This is the fourth post in a series about writing a book. Having just finished a new book on body language, brain science, and how people communicate, due out in May 2014 from Harvard, I’m posting a brief series on writing – what I’ve learned.  Is it true that everyone who’s sentient has a book inside waiting to be expressed?  What are the best ways to crank out a book-length manuscript?  And once you have, what about publishing it?  What does that terrain look like?

Last time I discussed the process from book proposal to celebrating a book contract.  For this post, I’m going to talk about actually writing the book.

I’ll probably earn some deep hatred for saying this, but writing has always been a happy discipline for me.  I have only two secret reasons.  First, I read voraciously.  Second, I have a two-step writing process.  Let me explain.

First, the reading.  Just as you would not expect to run the 100-meter dash, or whatever it’s called, without studying the competition, you need to read if you want to be a writer.  In this way, you expand your options, your resources, your ways of getting from point A to point B.

Our era is a visual one.  We all spent huge amounts of time taking information in visually – whether it’s TV, the movies, PowerPoint slides, or the Internet.  Just in my professional lifetime, the pace of the visual information feed has increased enormously.  We’ve learned to speed up our visual inputs and become more sophisticated in the visual genres and styles that we can absorb.

I believe this increased savvy has come at a price.  We don’t read as much, and we struggle more when we do.  Is it any wonder that writing, then, is difficult for people who have spent thousands of hours learning visual information techniques, but comparatively little time on the written word?

You want to write easily, then?  You’ve got to study the craft.  Read daily.  I read about 3 books per week, as well as periodicals and oceans of email.  I often talk to people who say that they read – at most – one or two books per year.

Second, the writing process.  This is essential.  First write, without self-criticism, then edit.  It’s as simple as that – and as profound.  If you can’t silence the inner critic, then writing is incredible slow, painful and unrewarding.  You must write first, then fix.  First the creator, then the editor.

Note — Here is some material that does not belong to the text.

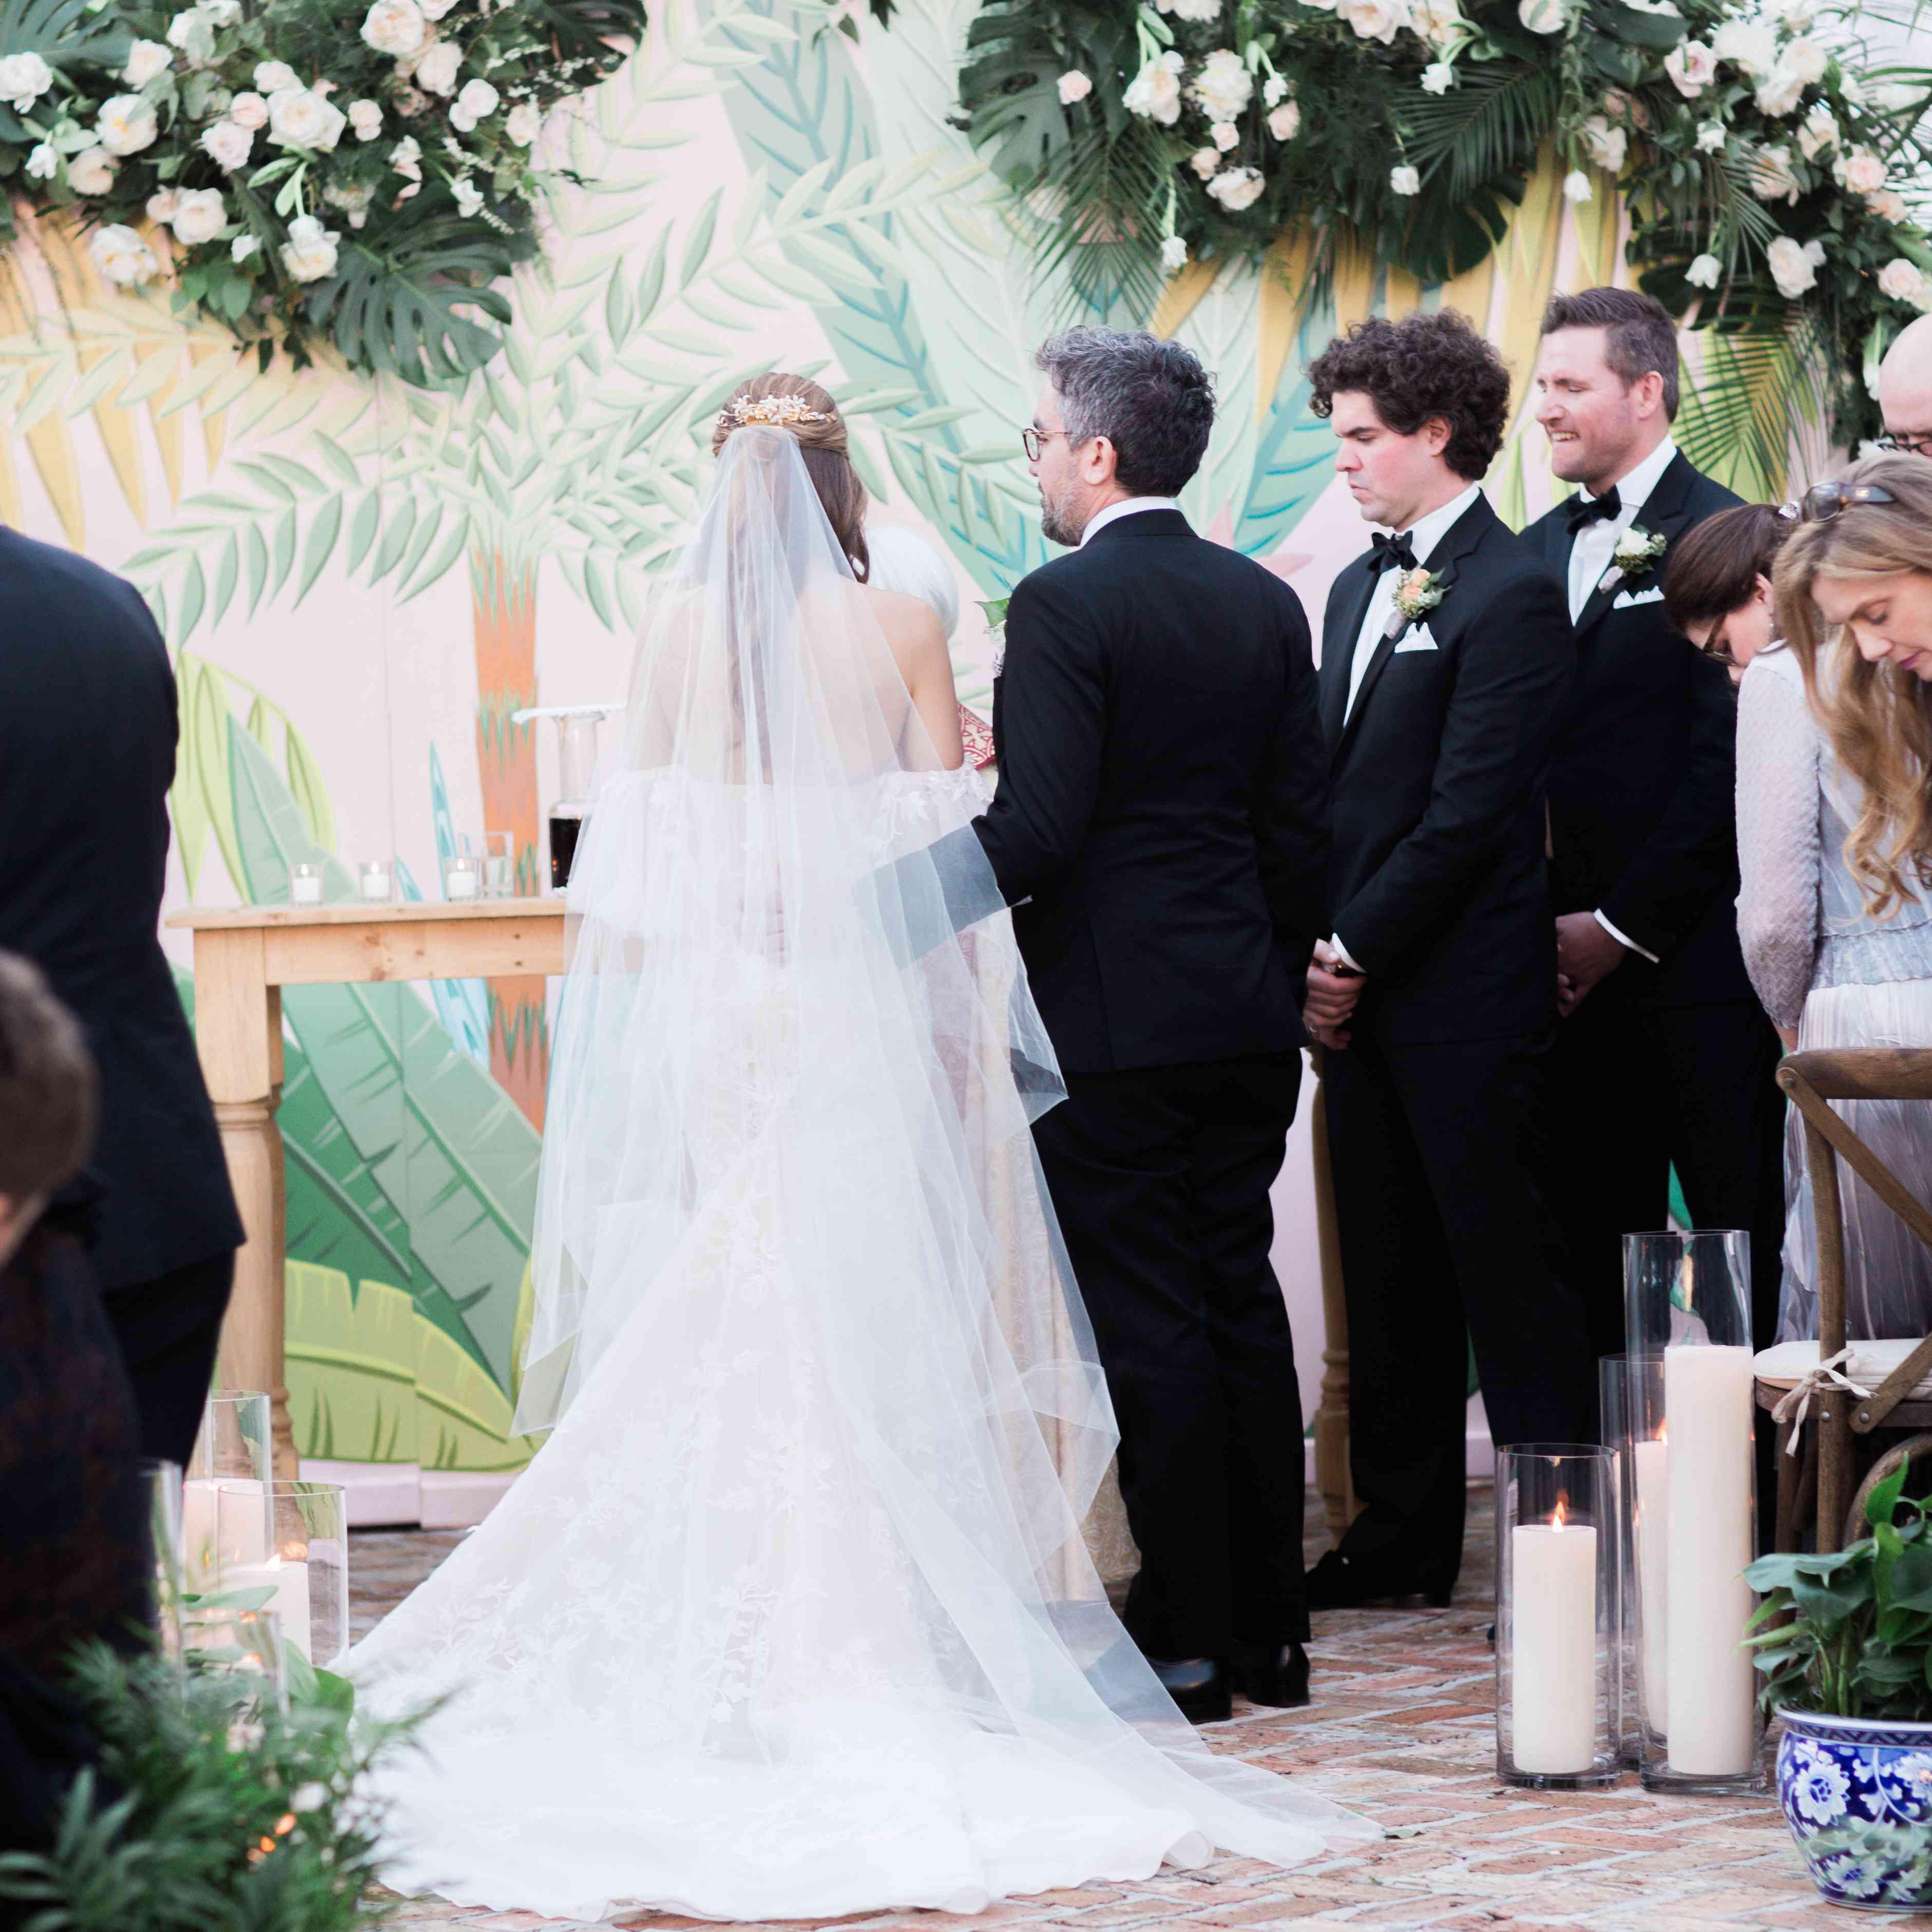 <p>bride and groom wedding ceremony</p><br><br>

And don’t be precious about your writing.  Just get on with it.  Talk to yourself, and write that down.  The more conversational your prose, the better it usually is.

Write on planes, in waiting rooms, while waiting for paint to dry – whenever you can.  It’s nice if you can have the luxury of a dedicated writing space, with all your pictures, music, and tchotchkes around you like little good-luck charms.  But don’t wait for that.  Start writing.  Write anywhere, anytime, on anything.  Write daily.  Write about stuff you care about.  Write about the topic you’ve got going at the moment, but if you suddenly get inspired, write about that.  You can fix it later.  In fact, you should fix it later.  That’s the whole point.  Create first, edit second.

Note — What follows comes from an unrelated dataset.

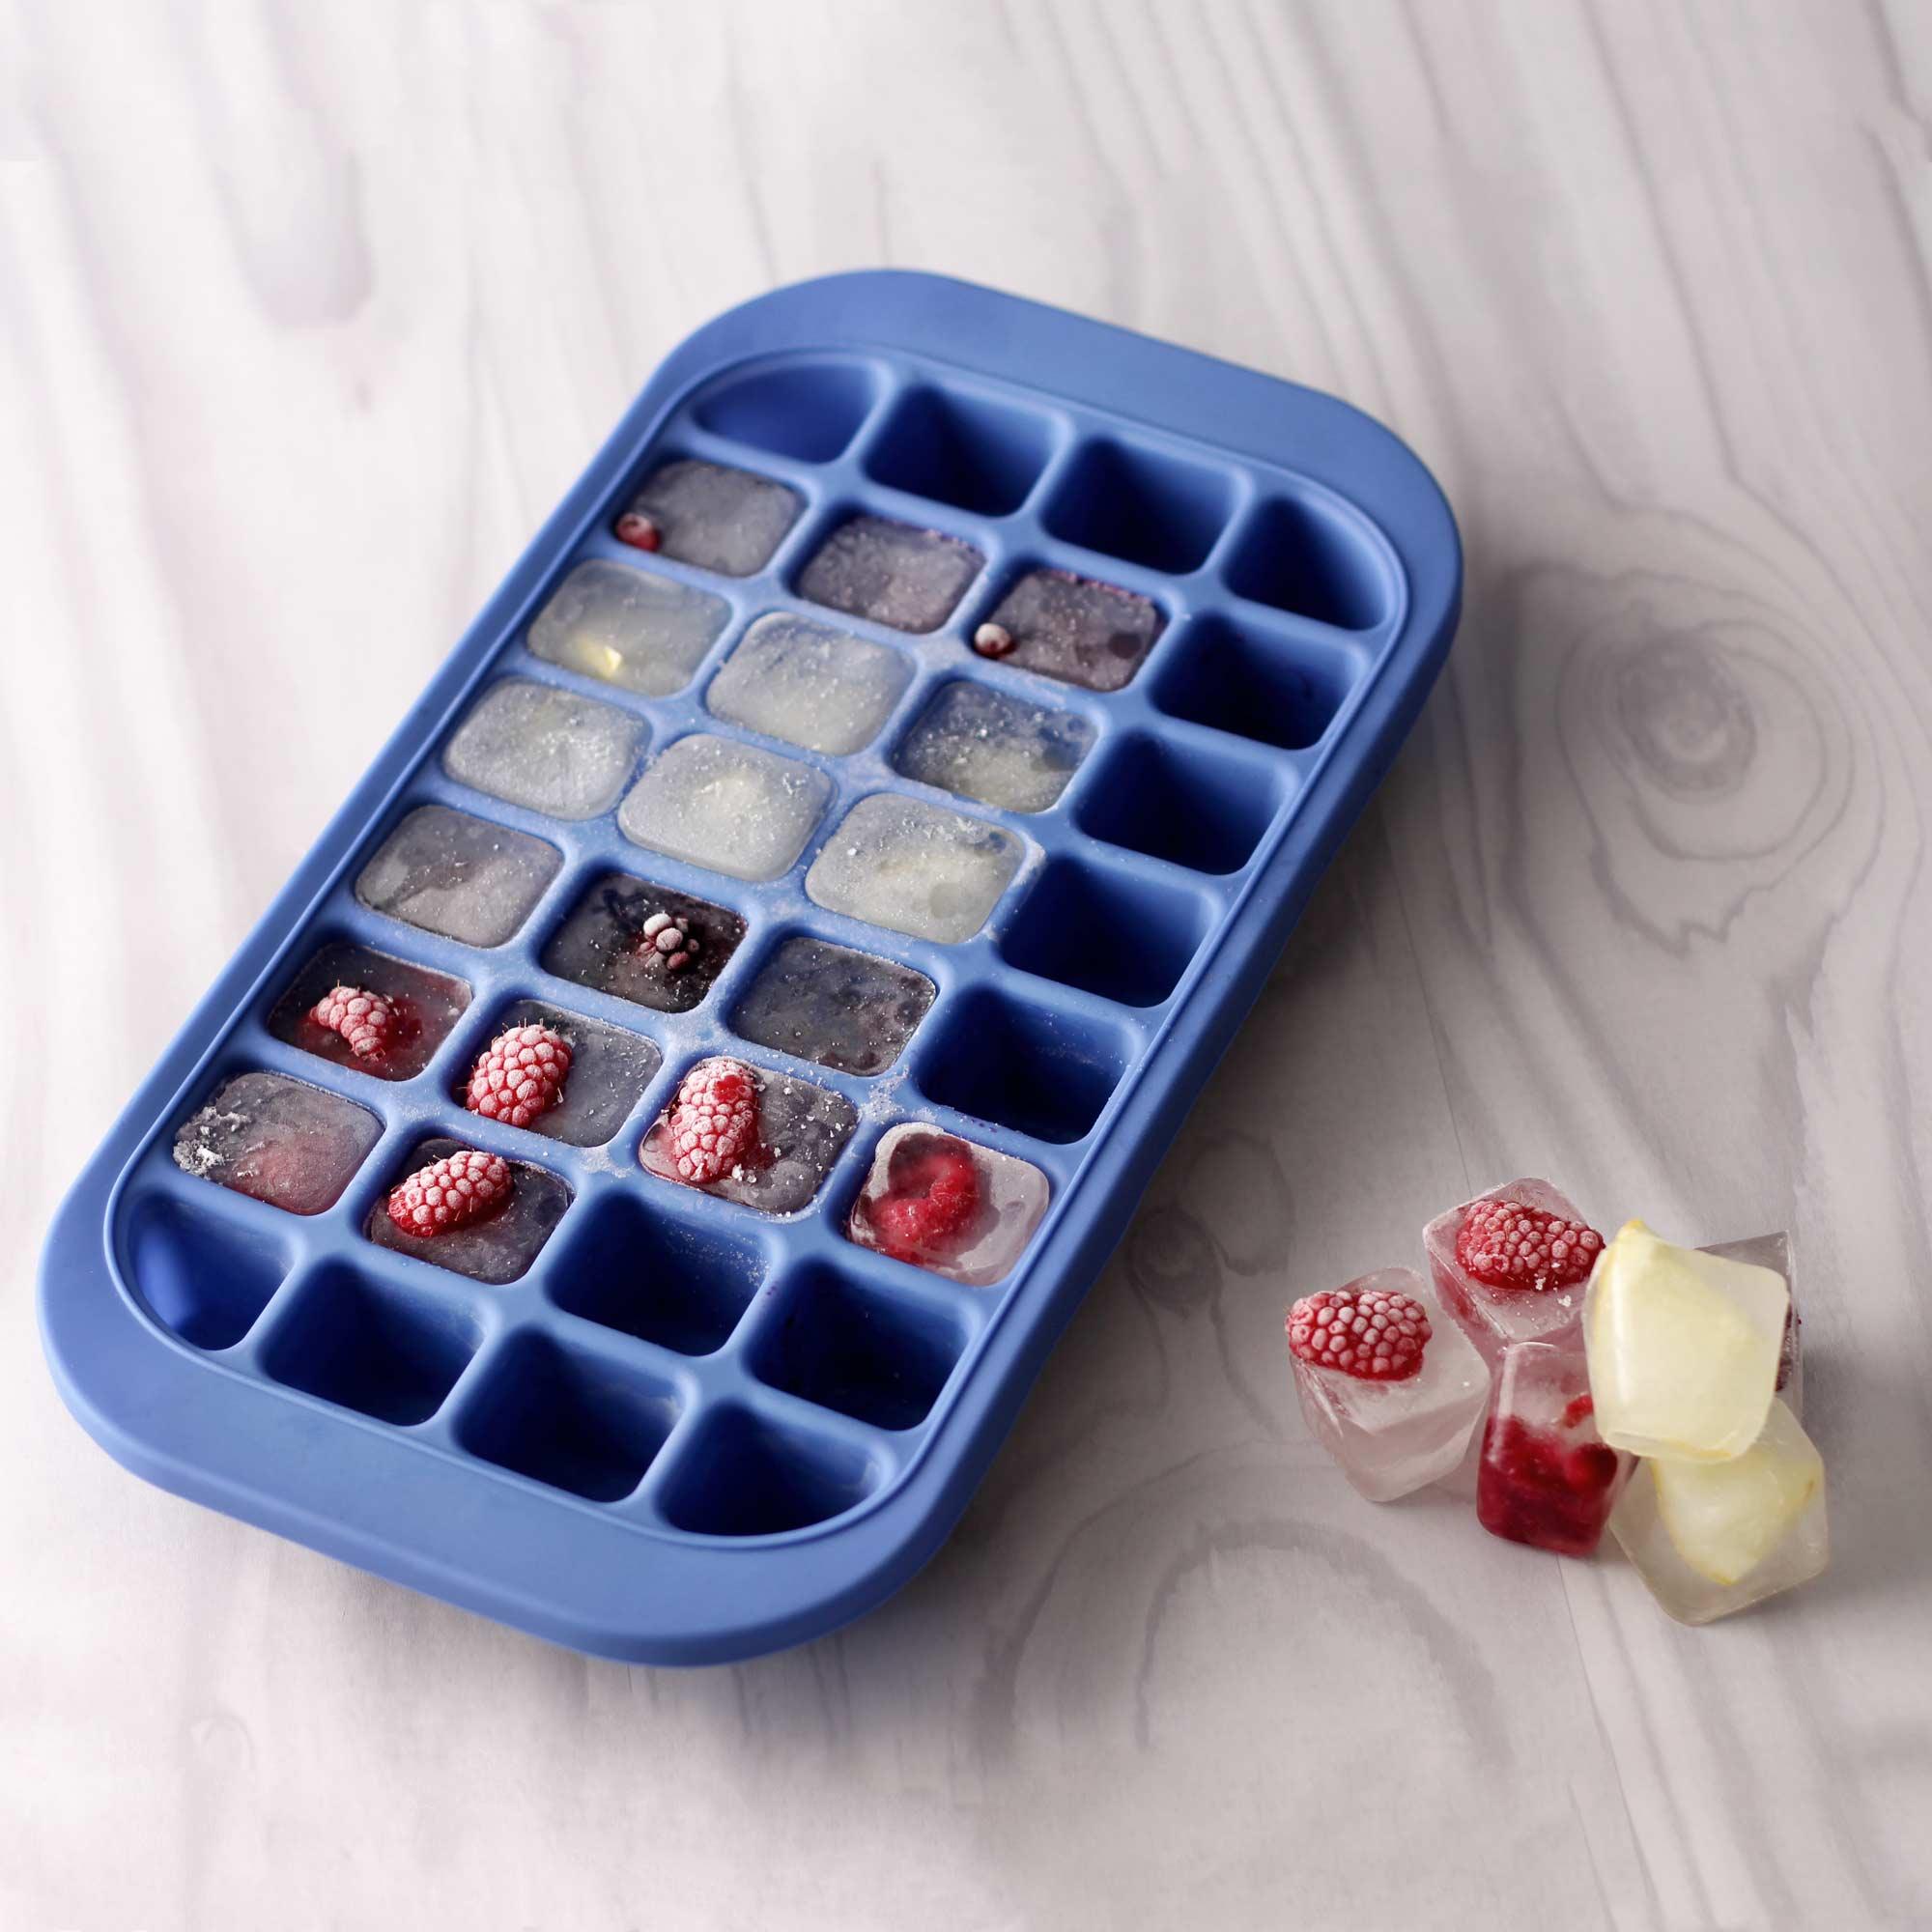 Ice stock options

If you’ve crafted a good outline, then writing is just a matter of filling the buckets.

And it is a craft, like building a brick wall or throwing a clay pot.  With practice you get better at it.  If you think about it like the romantic poets talked about it – as a inspired, artistic, creative process – then you’ll never get done.

And I suspect you’ll find that some of the stuff you write when inspired is good, and some of it isn’t.  Just as some of the writing you produce when you’re just putting one word in front of another will surprise you with its brilliance – and some of it won’t.

I write both my own material and for clients, and both are sometimes fabulous fun and other times work.  They’re all your children, and they’re all precious.

Next time I’ll talk about the marketing and selling of your book.



  1. Hi Nick,

    Great advice. “Create first, edit second.” With each of my first three books, the process was always the same. I’d write approximately two thousand words a day. When I went to bed I’d think, “That was really lame.” The next morning I’d read it and think, “That’s not so bad.” And most of the time it made it into the book without so much as a comma changed.


    P.S. I’ve heard so many writers say they like to have written. The actual writing? Not so much. But I’m with you. Writing is fun! The reward is in the work. The world may never bestow on you the recognition you crave or deserve. But if you’re having fun it won’t matter. You can still put it in the win column.

    1. Maureen — a writer after my own heart! Thanks for the comment. Yes, if it isn’t fun, you’d better have some very compelling reason to write…..

  2. I have mixed feelings about this. Yes, we live in a visual era. No argument here. But are we reading less or just differently? Texts and blog posts and tweets are still texts, no? Maybe we’re reading less content in traditional forms.

    1. Phil — thanks for the comment. I think both are true — we are reading differently, and we’re watching more purely visual stuff (YouTube, etc).